If indeed the aqueous phase is to be returned to the column, after presumably being cooled quite a bit so as to enhance phase separation in the drum, then yes, it ought to be reheated. Efficiency in distillation isn't the issue. Any benzene in the feed or reflux will be bottled up in the top of the column, blocked by stripping steam, until it gets out overhead. You could be taking a pile of water out with the benzene dissolved in it, depending on how the baffling is functioning. Presuming all you want to do is clean up the water for downstream use as BFW or for disposal, and only very insoluble stuff is in the feed (benzene), then you have only a stripper. The big problem is that very small absolute flow of benzene. To get good phase settling, you need some volume/residence time in decanting, and you'll have an interface. Since practically all the volume entering the drum is water, trying to control the interface will be elusive. Of course, if you do control that level, then increasing pump flow to lower it will be just temporary, because top level will immediately drop below the baffle. I imagine you'd have a constantly cycling interface level, but that may be ok, as long as you have the means of getting the rather irregular benzene volume out of the overflow. I'd really like some others to weigh in on your situation. I imagine others have encountered this large water/tiny organic phase issue before.

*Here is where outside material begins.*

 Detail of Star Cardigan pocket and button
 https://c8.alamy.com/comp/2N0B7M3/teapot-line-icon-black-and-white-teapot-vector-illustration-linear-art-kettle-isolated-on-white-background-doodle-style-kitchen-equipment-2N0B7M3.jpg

If you had miscible chemicals in the feed, and you needed to rectify out the water as well as strip the water, you'd have a different case. Given what you have, my closest experiences are such that we could send all the column overhead (steam plus stripped organics), after condensing, to be sent back upstream, to where a gross oil/water separation was done in the first place.
 
sshep
What about absorbing the benzene using a Macro Molecular Polymer instead?


I don't have one of these systems myself but I have looked at it as a waste water cleanup step.